Leluhur melanjutkan penjelasannya, bahwa selama perjalanan Nanashi untuk menemui keempat penjaga arah mata angin tersebut, Hasuko harus menemaninya sebagai penjaga desa. Sebab, kejadian seperti Nanashi langka terjadi selama berdirinya Desa Bunga Teratai.
Mereka kembali pulang, tak yakin apakah mereka mesti melakukan ini bersama. Terlebih, Hasuko baru saja bertemu dengan Nanashi semalam. Ia nampak tak yakin kalau perjalanan untuk mencari jati diri Nanashi akan berakhir dengan keberhasilan. Semuanya ada di tangan takdir yang tak pasti, pikirnya.
Nanashi melihat kerisauan yang dirasakan Hasuko, memegang tangan Hasuko.

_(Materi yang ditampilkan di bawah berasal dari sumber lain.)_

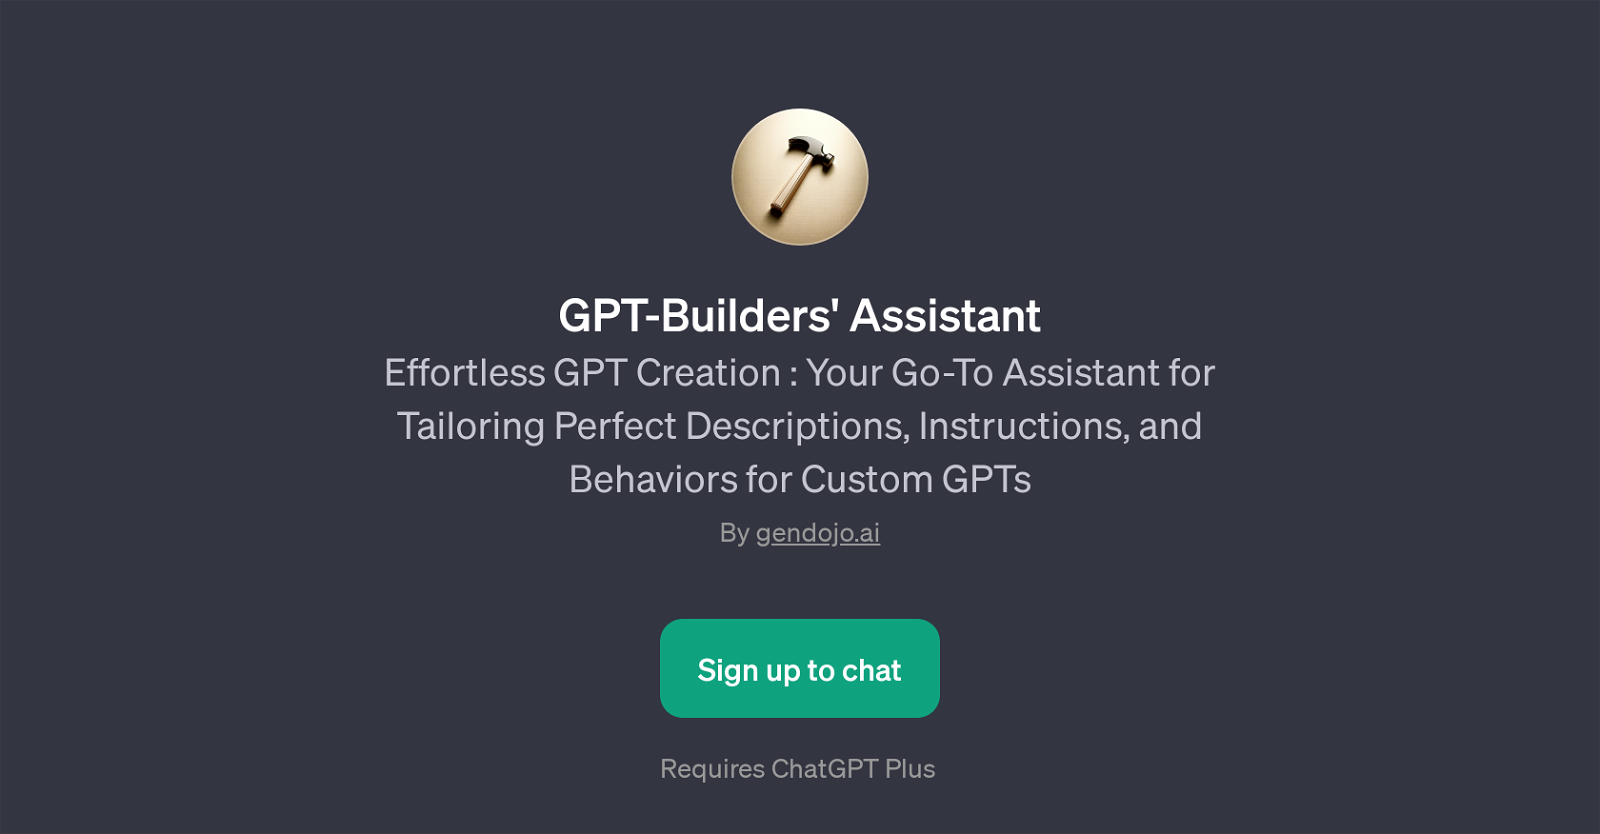 GPT-Builders' Assistant website

“Aku minta maaf telah merepotkanmu begini.”
“Tak apa, memang sebagai Hasuko tugasku memang begini. Lagipula, kalau memang perjalanan ini membuat kita semakin erat, kenapa tidak?”

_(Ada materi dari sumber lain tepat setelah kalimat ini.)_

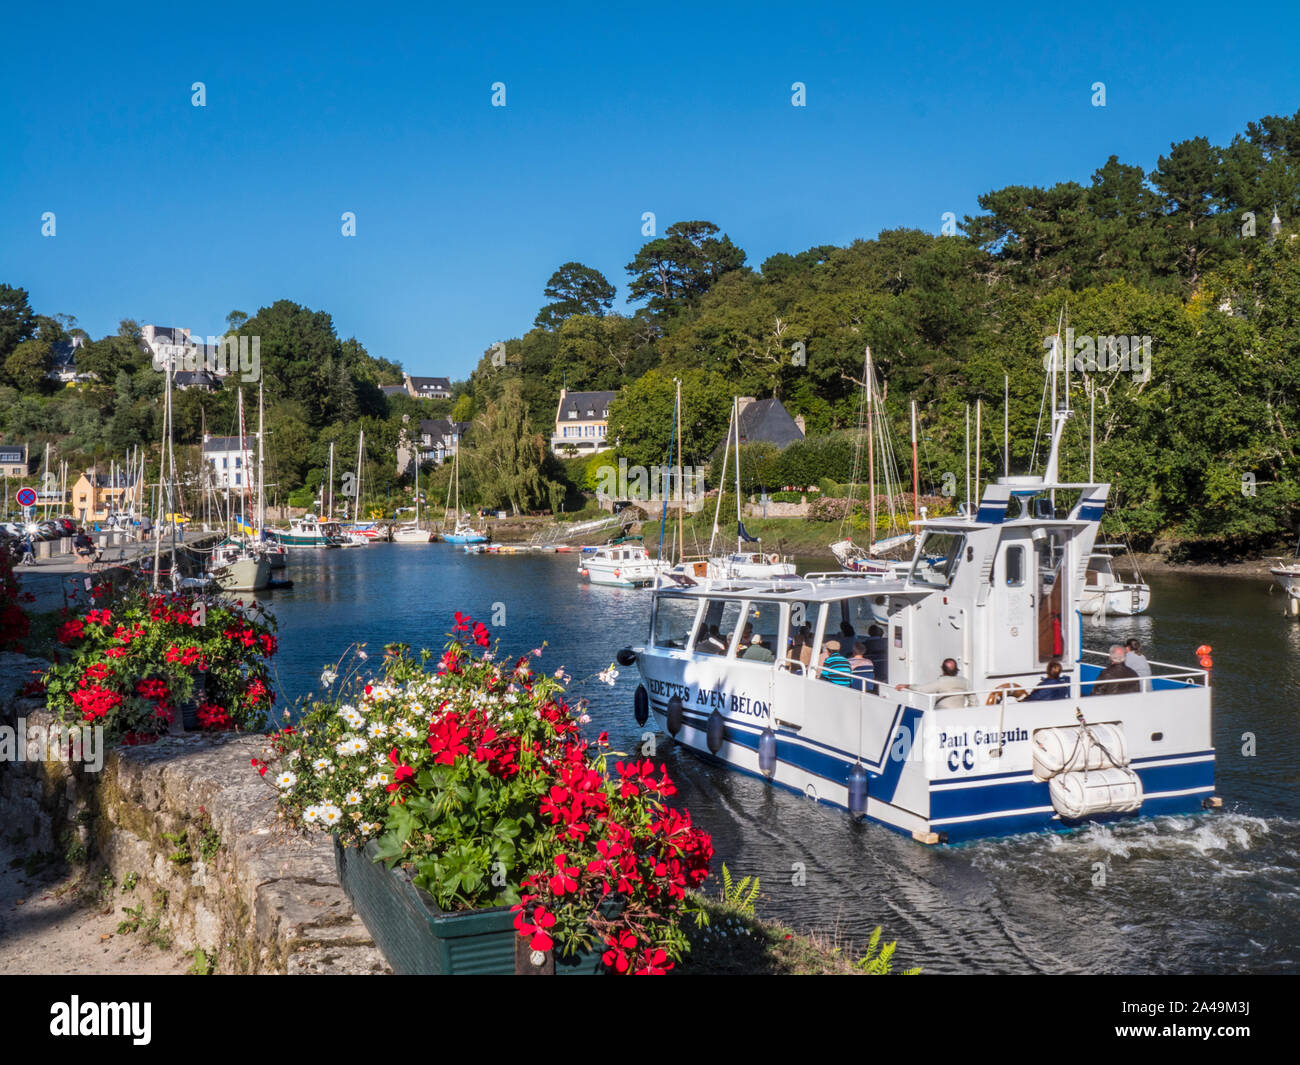 Gâvres Bretagne Szene mit Port Belon Fähre & Segeln Boote und Häuser am Ufer des Flusses Aven Finistère in der Bretagne Frankreich Stockfoto

Sesampainya di kuil Hasuko, mereka langsung menyiapkan barang yang akan dibawa selama perjalanan mereka. Nanashi, tak yakin ingin membawa apa, akhirnya membantu Hasuko menyiapkan barangnya.

“Kamu tahu kenapa aku dipilih menjadi Hasuko?”

Hasuko memulai sebuah percakapan dengan kalimat pertanyaan itu. Tak yakin ingin membalas apa, ia hanya menjawab pertanyaan itu dengan menanyakan kenapa.

“Aku tidak pernah mengenal orang tuaku. Tiba-tiba saja aku di sini dipilih menjadi Hasuko. Katanya aku memiliki kelebihan yang istimewa.”
“Kelebihan itu?”
“Entahlah. Aku juga tidak mengerti. Jujur saja aku ingin menjadi gadis biasa saja. Aku bersifat seperti tadi pagi itu berbeda dengan aku yang ada di depan orang-orang di desa ini. Aku dituntut untuk menjadi.. seseorang yang bukan aku. Mungkin inilah kesempatanku untuk lari. Kamu mau menemaniku lari dari sini?”
“Kamu tahu, Hasuko? Kalau saja kamu lari..”
“Kalau aku lari, desa ini akan hancur. Begitu katamu?”

sela Hasuko.

“Bukan, Hasuko. Bukan begitu. Mungkin saja kamu bisa berlari dari sini. Tapi apa kehidupan di luar sana memang untukmu? Aku iri kepadamu, Hasuko. Kamu dipersiapkan untuk ini. Aku tidak. Lagipula, bagaimana kamu melupakan satu-satunya kehidupan yang kamu punya?”

Hasuko hanya terdiam. Ruangan itu tiba-tiba menjadi hening. Hanya kekosongan yang menemani mereka.

“Mungkin,” Nanashi melanjutkan. “Memang perjalanan ini sebetulnya diperuntukkan kepadaku. Tapi selagi kita dalam perjalanan, kita akan menemui banyak hal. Kamu mungkin tidak perlu menemui empat penjaga itu. Tapi yang jelas kita akan mempelajari banyak hal. Aku pikir itu akan mengembangkan diriku juga dirimu. Tenang, Hasuko. Dalam perjalanan ini, kamu tidak sendirian.”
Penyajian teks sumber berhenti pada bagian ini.